══ Supplied data ══

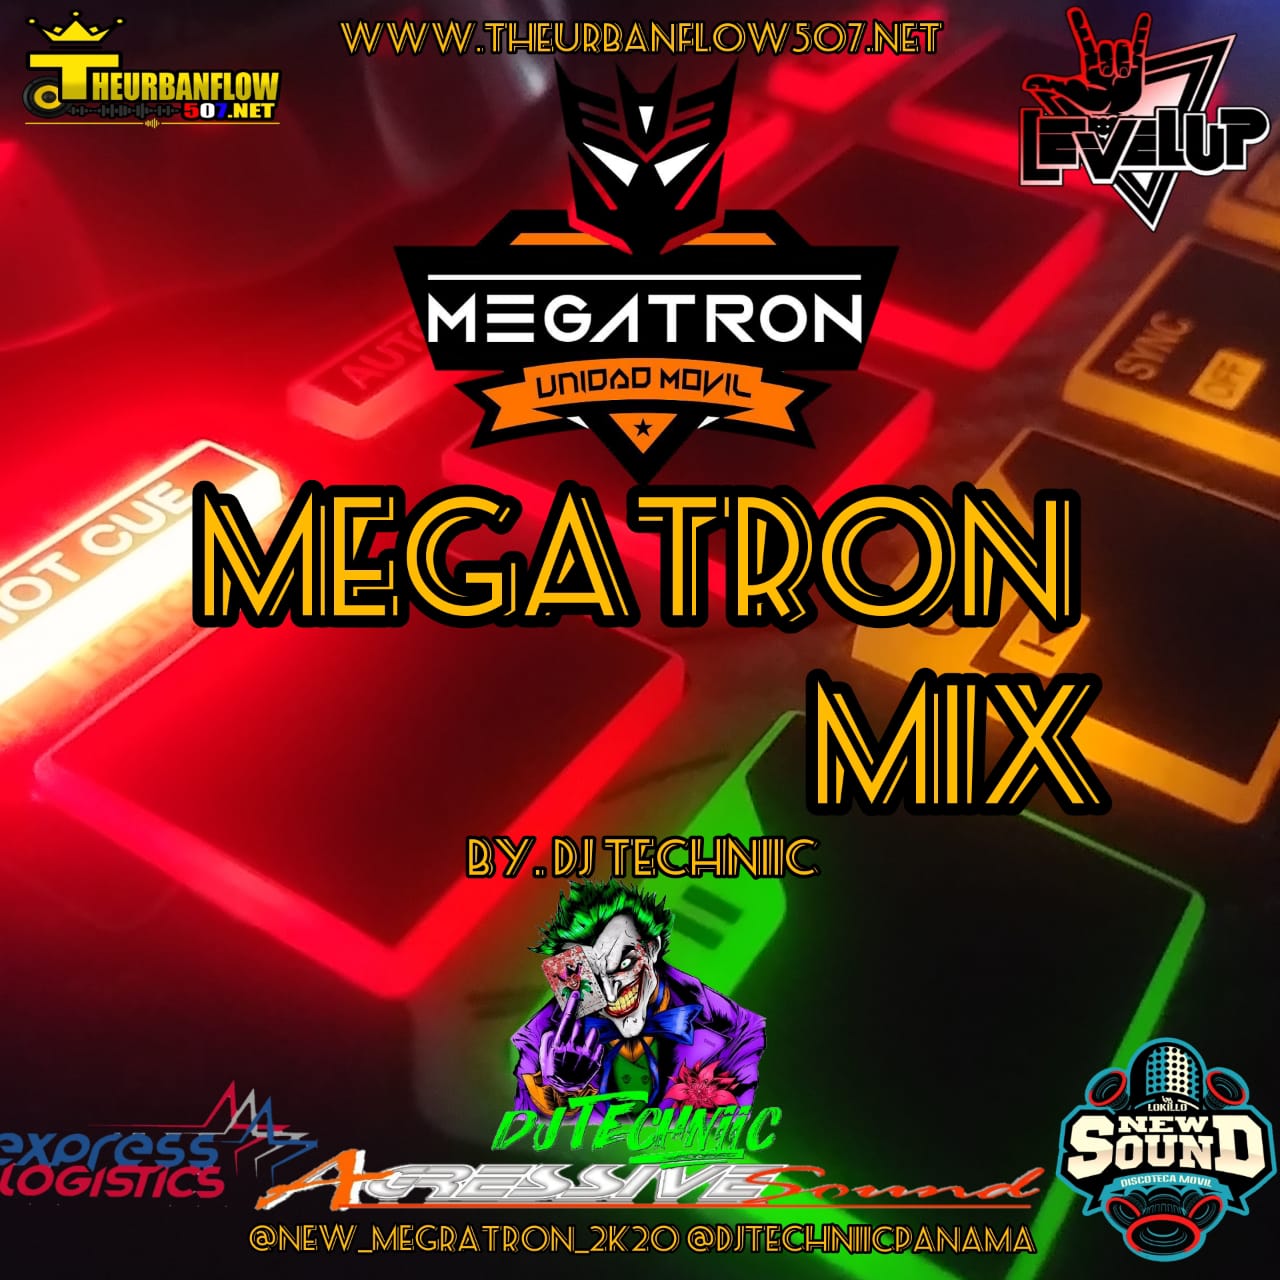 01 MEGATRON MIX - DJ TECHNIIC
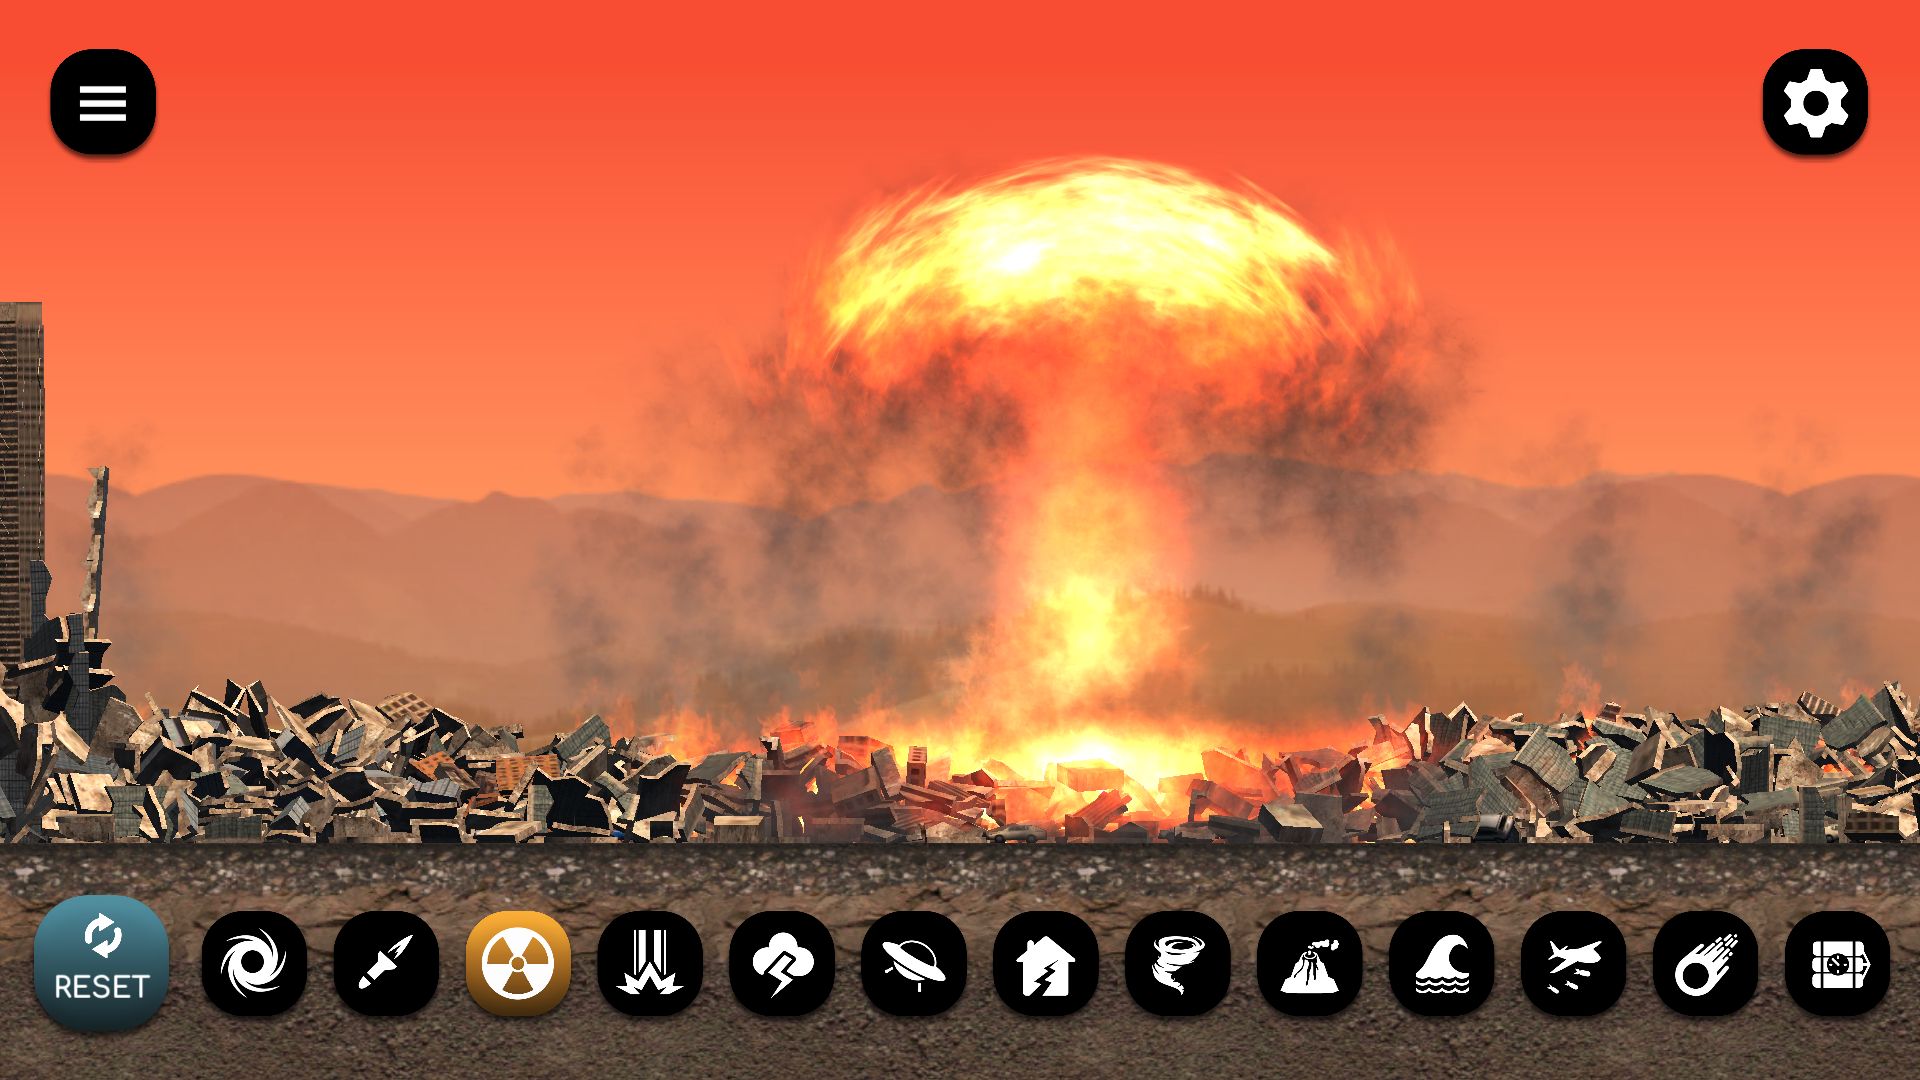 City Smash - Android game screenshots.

═══
══ Supplied data ══

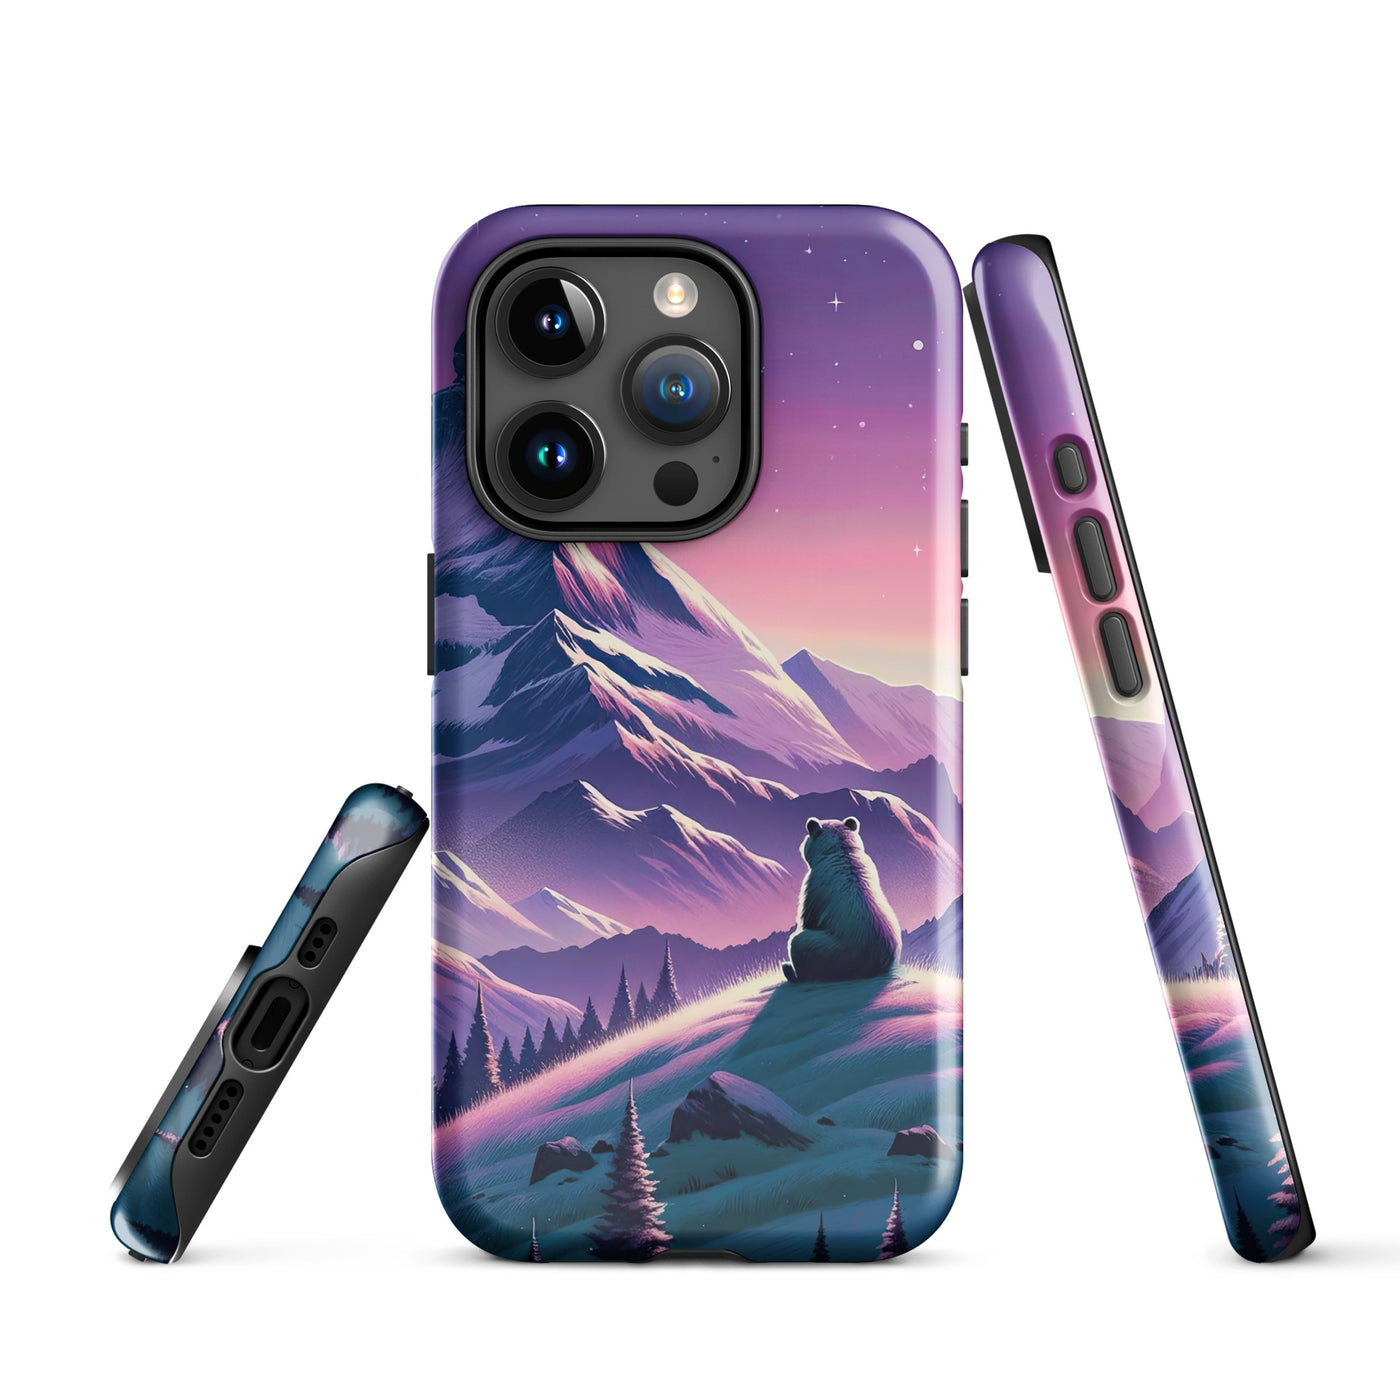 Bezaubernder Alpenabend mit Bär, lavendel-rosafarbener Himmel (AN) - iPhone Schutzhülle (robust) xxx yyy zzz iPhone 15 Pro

═══
══ Supplied data ══

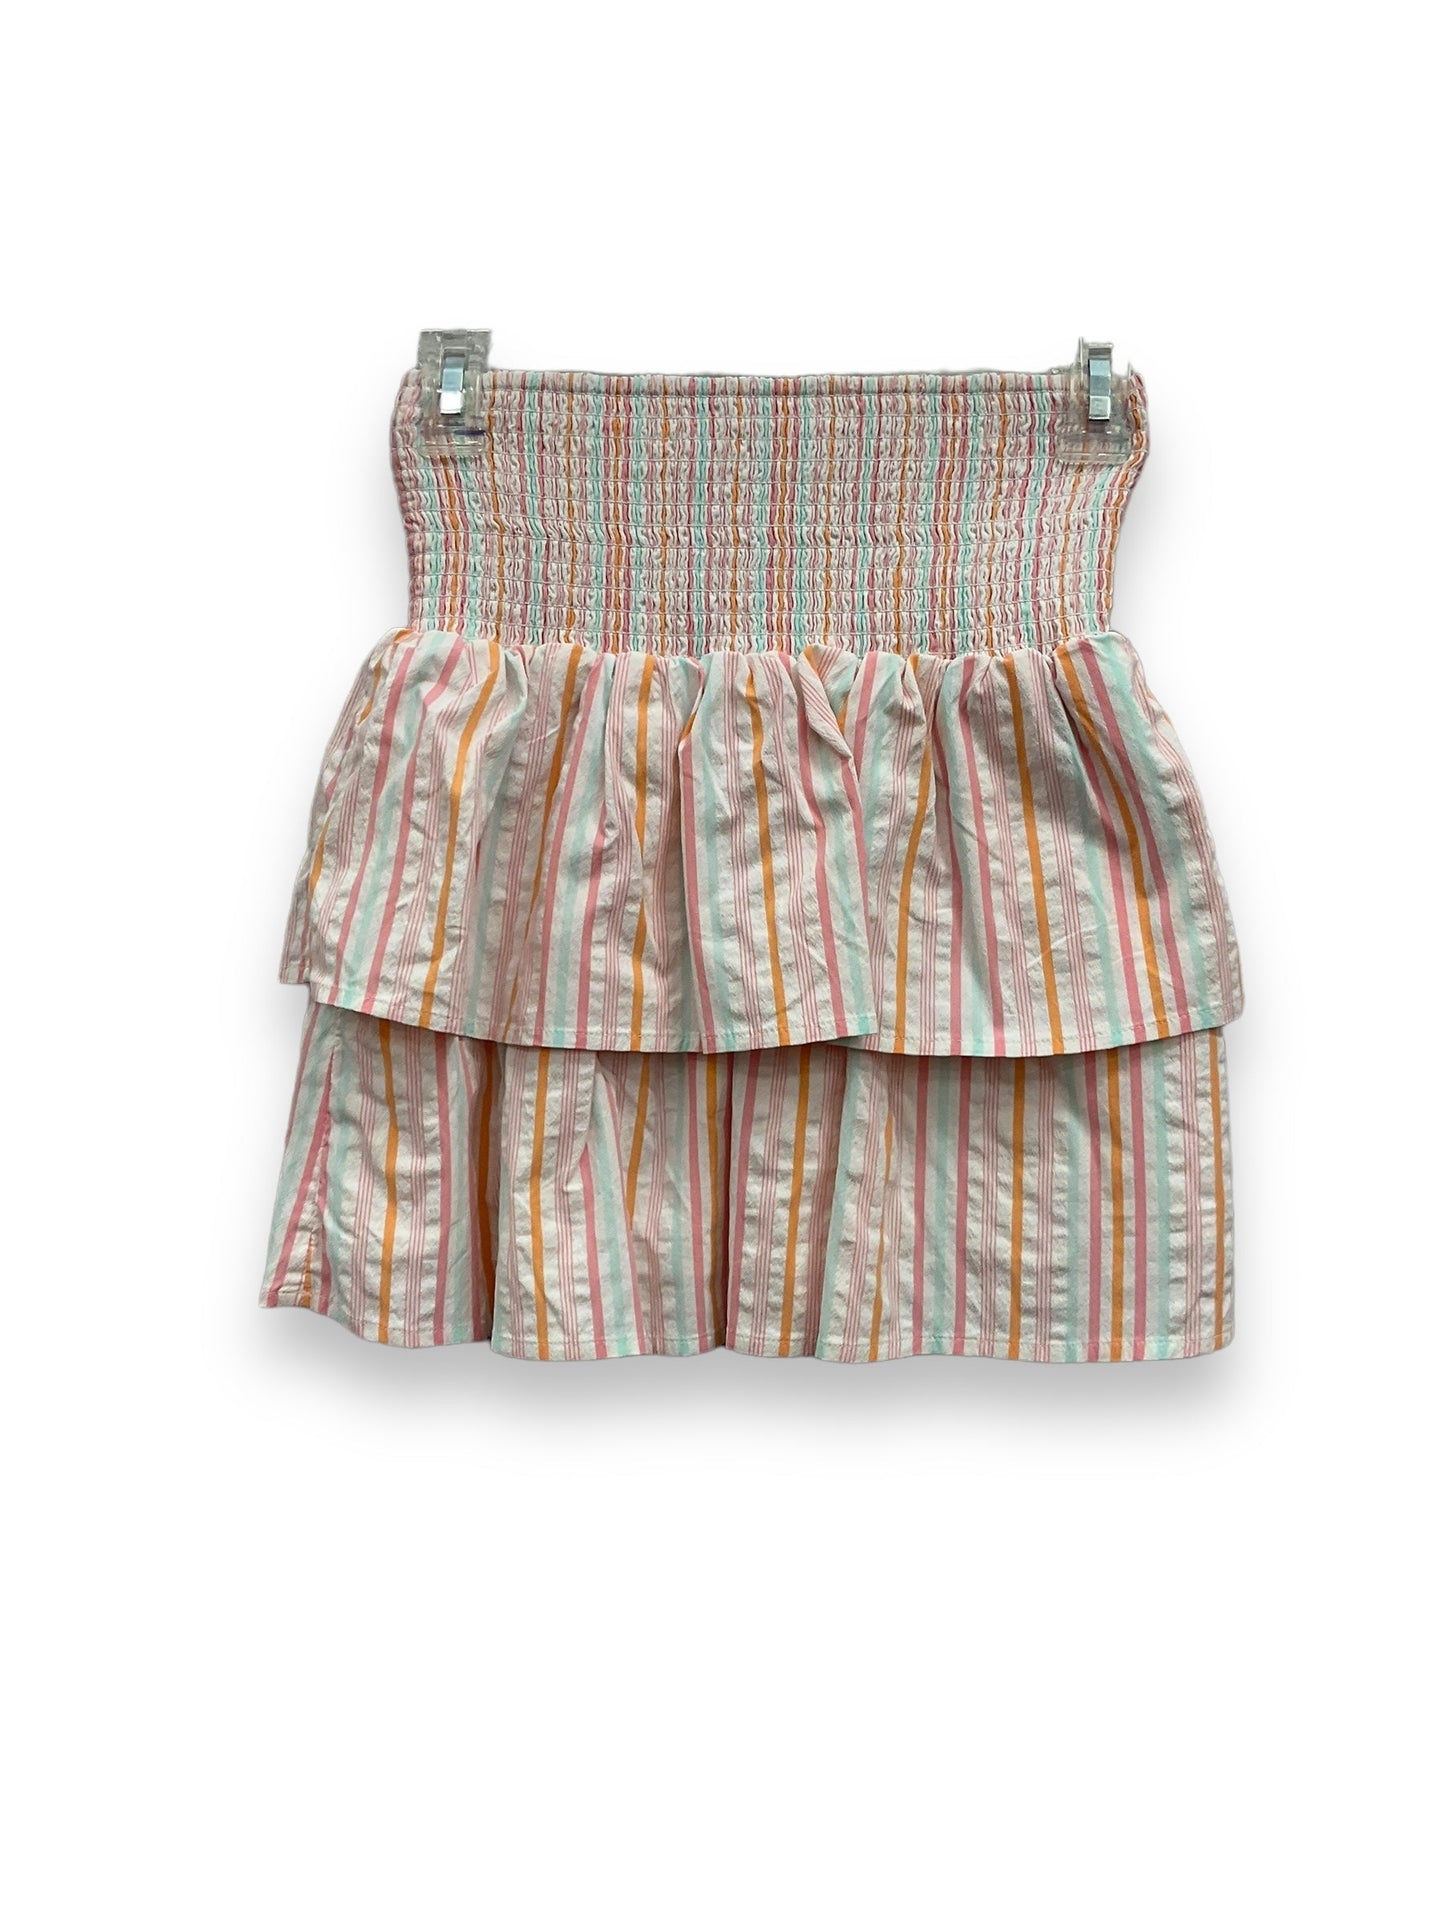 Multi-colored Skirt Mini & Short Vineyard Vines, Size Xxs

═══

● **Goal of the exercise**: If a picture sits between the line containing "01 MEGATRON MIX - DJ TECHNIIC" and the line containing "City Smash - Android game screenshots.", leave it out, and return the lines of that range above exactly, both ends included.

● **Answer to the exercise**:
 01 MEGATRON MIX - DJ TECHNIIC
 City Smash - Android game screenshots.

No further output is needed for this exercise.